Brief
Write the data out again exactly, dropping any images it holds.

Provided material
------------------------------------------------

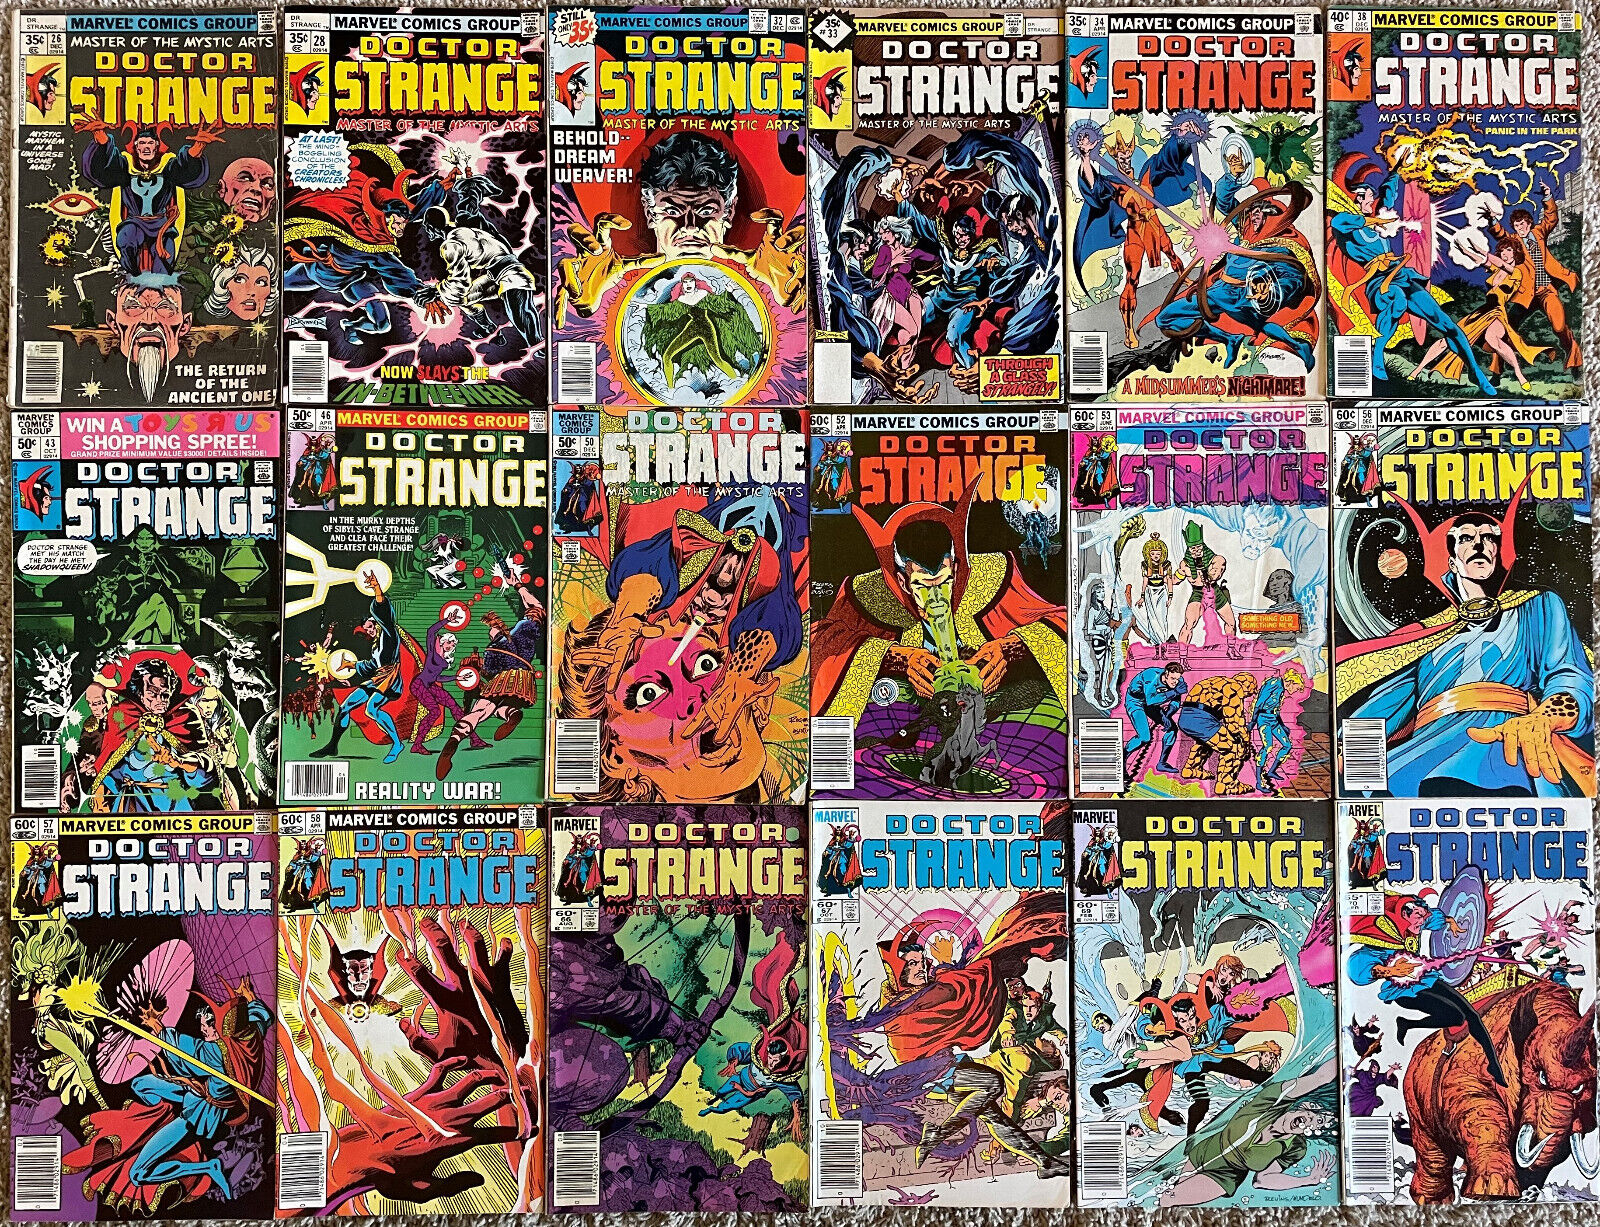 Doctor Strange Lot #1 Marvel comic series from the 1970s
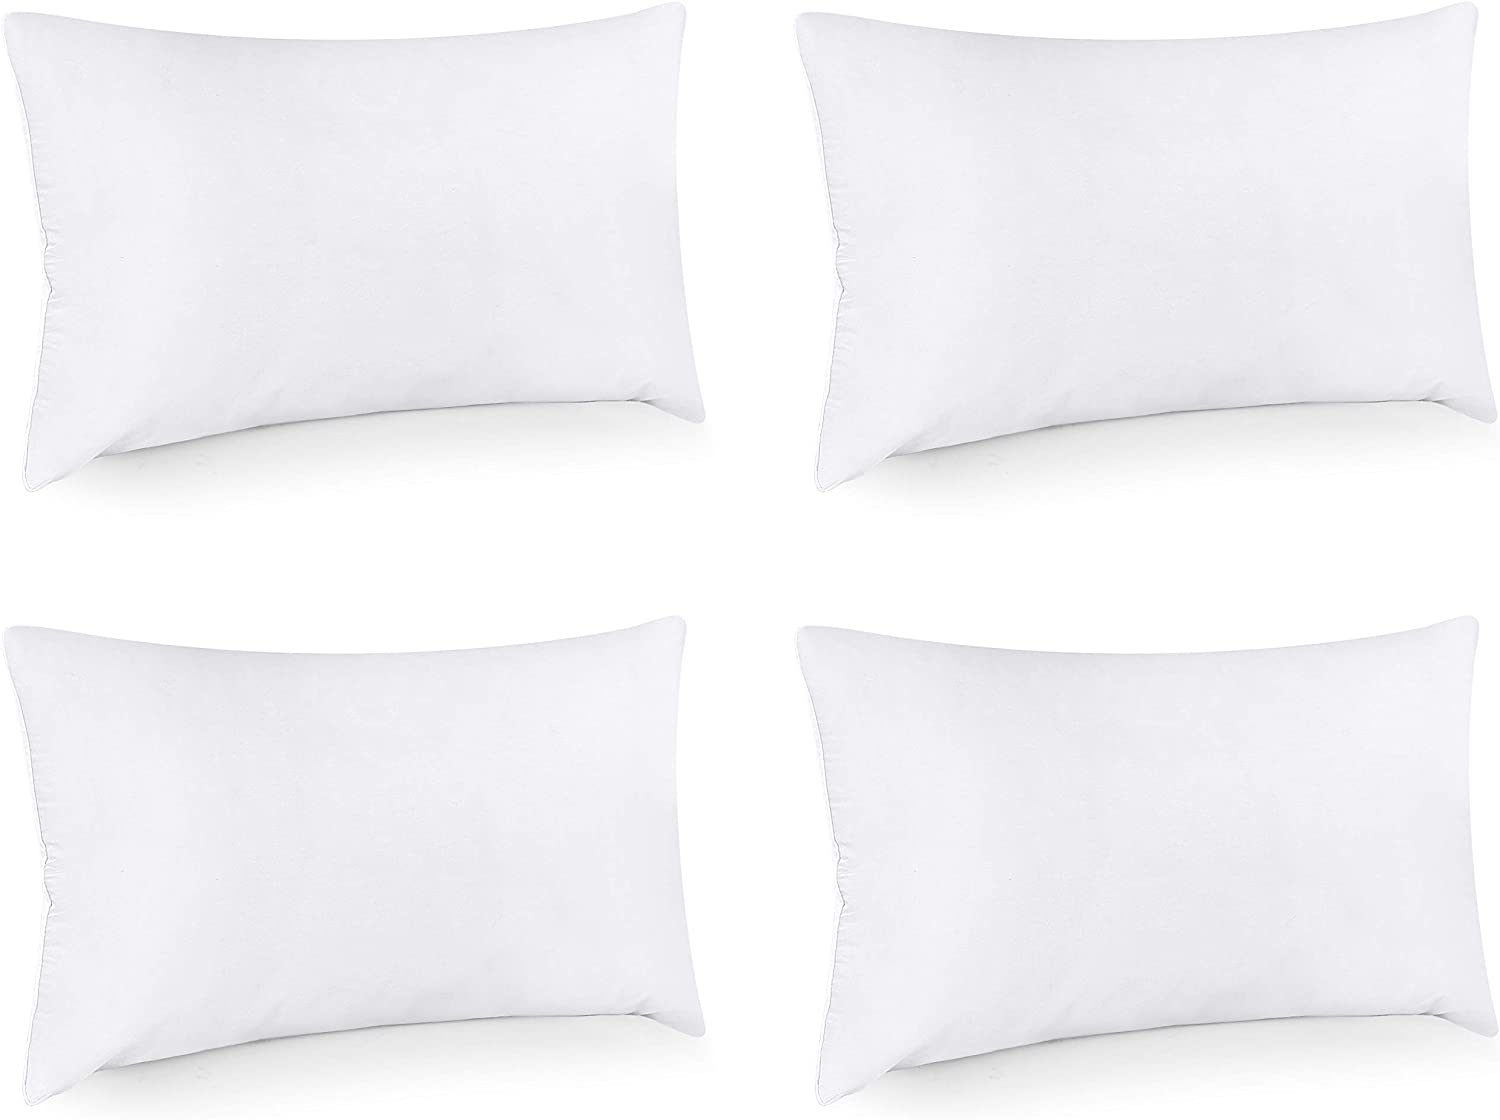  Utopia Bedding Throw Pillows Insert (Pack of 2, White
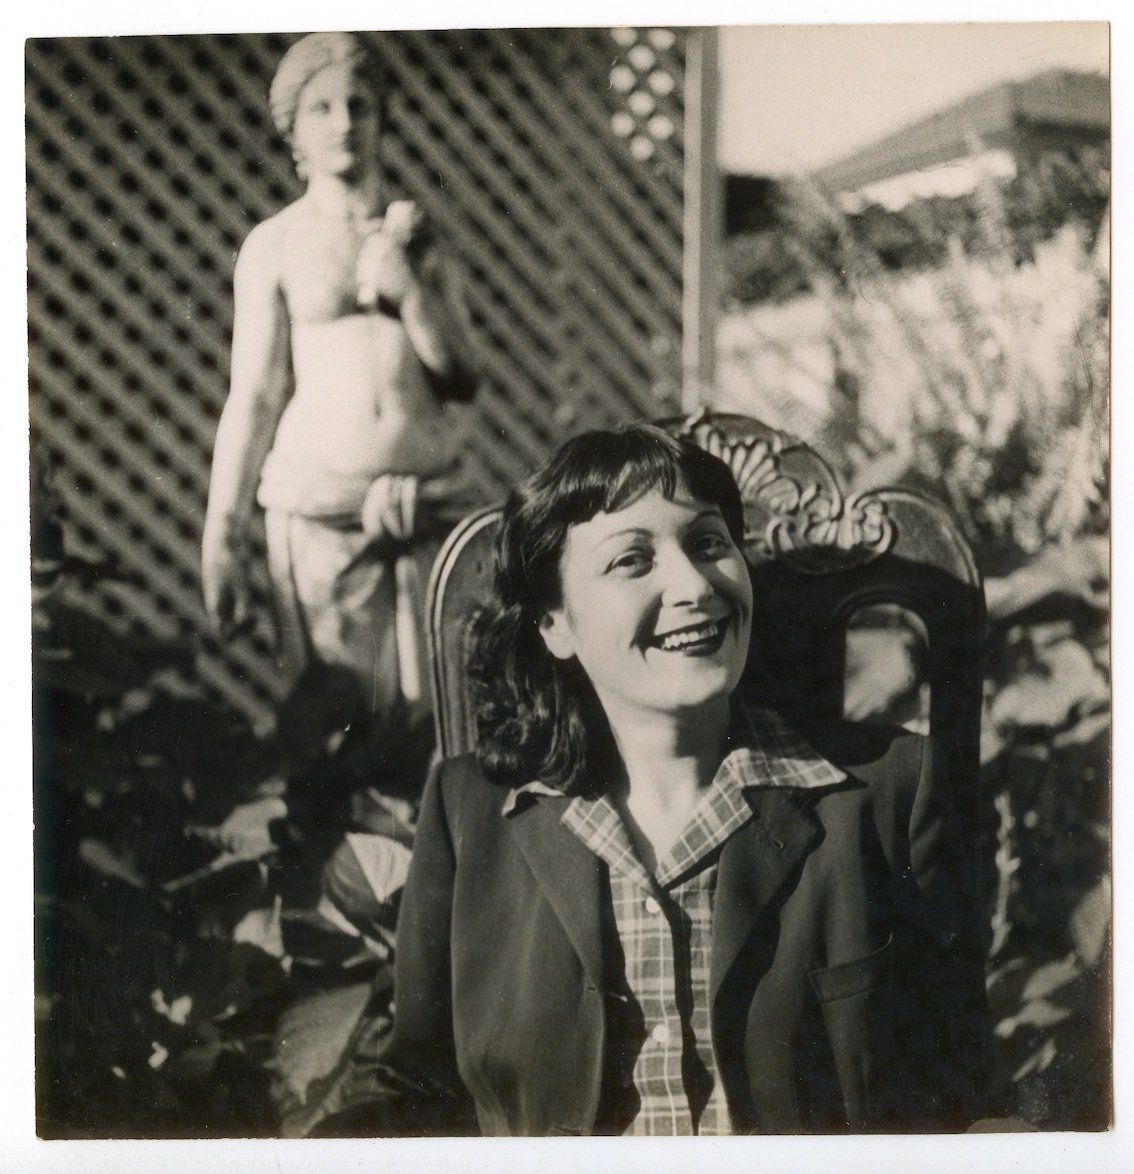 Portrait Lina Bo Bardi - photo by Pietro Bardi 1947 - courtesy of Instituto Bardi

------------------------------------------------

Exercise output
 Doctor Strange Lot #1 Marvel comic series from the 1970s
  Utopia Bedding Throw Pillows Insert (Pack of 2, White
 Portrait Lina Bo Bardi - photo by Pietro Bardi 1947 - courtesy of Instituto Bardi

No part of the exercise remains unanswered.